Data Engineer - JobTarget LLC

Overview

As a Data Engineer at JobTarget LLC, I have been pivotal in designing and optimizing scalable data pipelines, ensuring seamless data integration, and driving business insights. My contributions have significantly improved data processing speeds and reduced operational costs.

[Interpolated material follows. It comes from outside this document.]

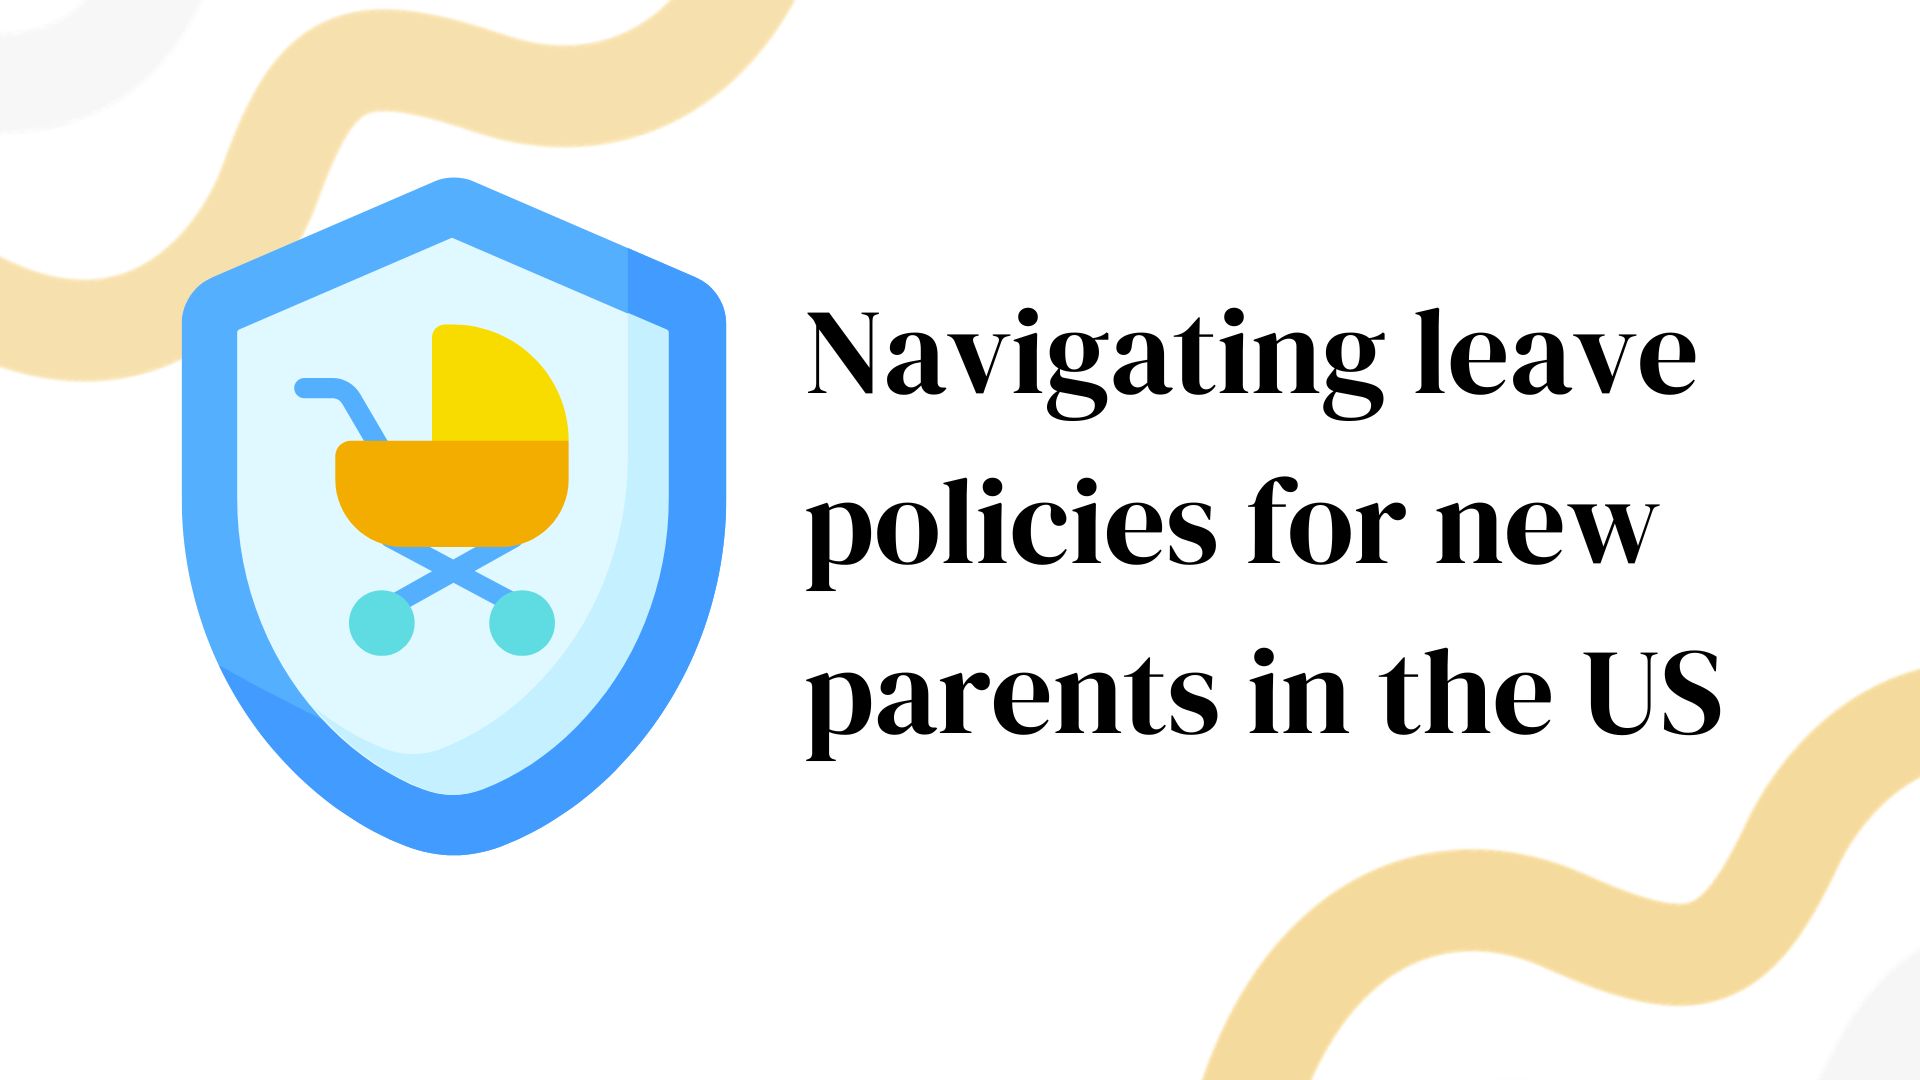 Navigating leave policies for new parents

  • Position: Data Engineer
  • Company: JobTarget LLC
  • Duration: April 2022 - Present
  • Location: Stamford, CT
Key Metrics
  • 76+ Scalable data pipelines designed and deployed.
  • 25% Increase in processing speed through Spark optimizations.
  • 30% Reduction in operational costs by leveraging AWS solutions.
  • 10+ Team collaborations with data scientists for business insights.
Technologies Used
AWS (S3, Lambda, Glue, Athena, DMS) Apache Spark Apache Airflow Hudi PostgreSQL Serverless Terraform CloudFormation
Key Contributions
  • Leadership: Spearheaded the migration of traditional data pipelines to a cloud-native architecture, leading a cross-functional team of 5 engineers and collaborating with stakeholders to define project requirements and ensure timely delivery. Reduced infrastructure costs by 40% and improved scalability, enabling seamless handling of surges in data volume.
  • Problem-Solving: Diagnosed and resolved data bottlenecks in Apache Spark processes by implementing dynamic partitioning and caching strategies. Achieved a 25% increase in processing efficiency, reduced compute costs, and enhanced the reliability of data pipelines across the organization.
  • New Approaches: Introduced a Hudi-based lakehouse architecture, which reduced data duplication, enabled seamless upserts, and decreased storage costs by 30%. Migrated terabytes of data to AWS S3 while ensuring data integrity and minimal downtime. Improved query performance by 40%, enabling advanced analytics and machine learning workloads.
  • Collaboration: Partnered with data scientists and analysts to design optimized data marts, delivering actionable insights that supported high-impact decision-making. Reduced query times by 50% and enabled independent exploration of data through robust documentation and training sessions.
  • Scalability: Engineered real-time streaming pipelines using AWS DMS and Apache Spark Structured Streaming, processing millions of records per minute with sub-second latency. Designed a fault-tolerant system with checkpointing, ensuring reliability during peak loads.
  • Innovation: Automated pipeline monitoring and alerting using Apache Airflow and AWS CloudWatch, reducing manual intervention by 40%. Created custom metrics and dashboards, providing real-time visibility into pipeline performance and enabling proactive detection of issues.